By 3/31/23, US Army Corps HATS flood plan needs to hear from you

Updates since close of comment period

11/15/23 press release from officeof Congressman Dan Goldman:

In short: the NYS Department of Environmental Conservation (DEC) invoked the agency’s role as formal non-federal sponsor of HATS. NYS DEC’s letter to USACE triggers a federal requirement that HATS include comprehensive flood protection (not just protection for storm surge/harbor seawater overriding the shoreline.)
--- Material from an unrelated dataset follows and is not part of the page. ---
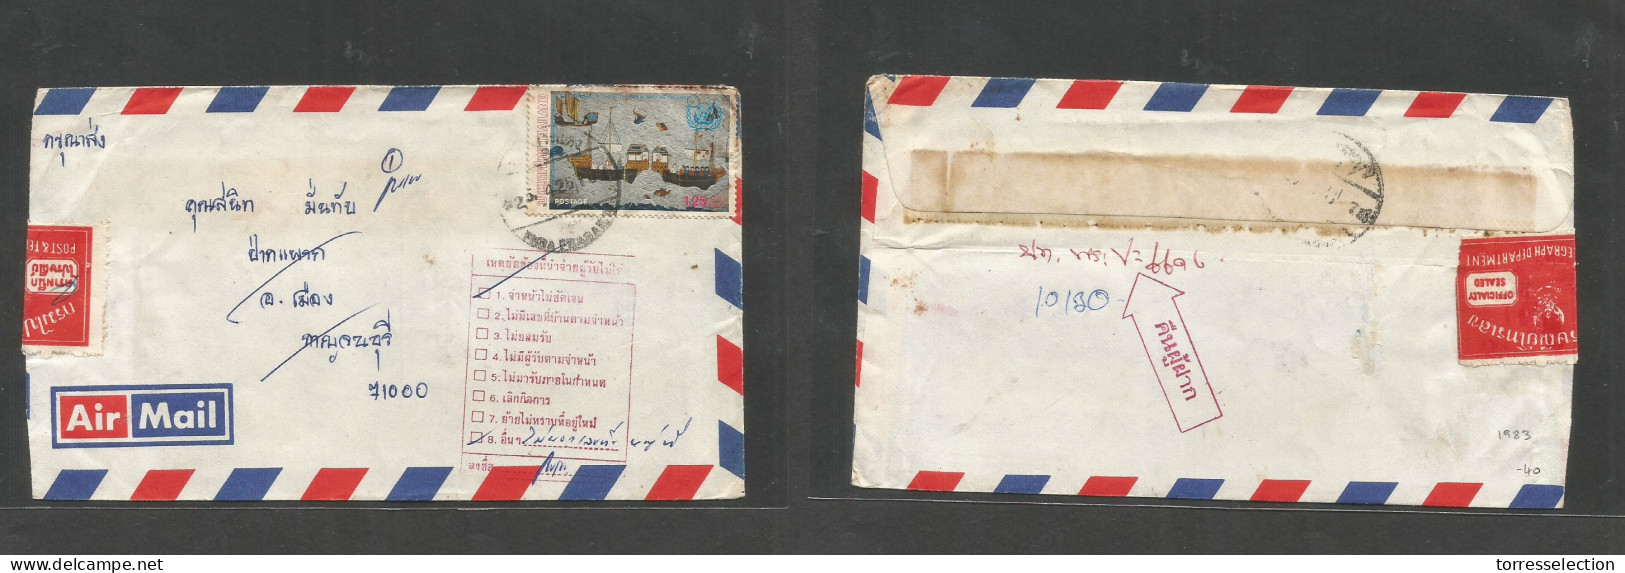 SIAM. 1983 (25 Apr) BKK. Local Fkd Envelope, Resealed By Post Office With Red Label + Aux Cachet. Scarce And Fine. SALE. - Siam

STATEMENT FROM CONGRESSMAN DAN GOLDMAN ON NEW YORK STATE REQUIREMENTS FOR COMPREHENSIVE APPROACH TO US ARMY CORPS OF ENGINEERS FLOOD PROTECTION PLAN   

Washington, D.C. – Congressman Dan Goldman (NY-10) today issued the following statement after the New York State Department of Environmental Conservation (NYSDEC) sent a letter requiring the US Army Corps of Engineers (USACE) to revise their $52.6 billion New York and New Jersey Harbor and Tributaries Study (HATS) storm surge protection plan to include a comprehensive approach to address a multitude of flooding risks. This announcement comes after Congressman Dan Goldman and Congresswoman Nydia Velázquez led twelve Members of Congress from New York and New Jersey in sending a bipartisan letter to the USACE expressing concern that the Corps plan to address flood risk insufficiently protects New York and New Jersey against multiple varieties of flooding.   

“I am thrilled that the New York State DEC formally requested that USACE revise their flood protection plan to include a comprehensive approach to flood risks across the New York and New Jersey harbor and tributaries.   

“While the initial proposal failed to sufficiently address the flooding risks faced by our communities, I am encouraged at the hope for a revised plan that will protect New York and New Jersey’s coastal communities.   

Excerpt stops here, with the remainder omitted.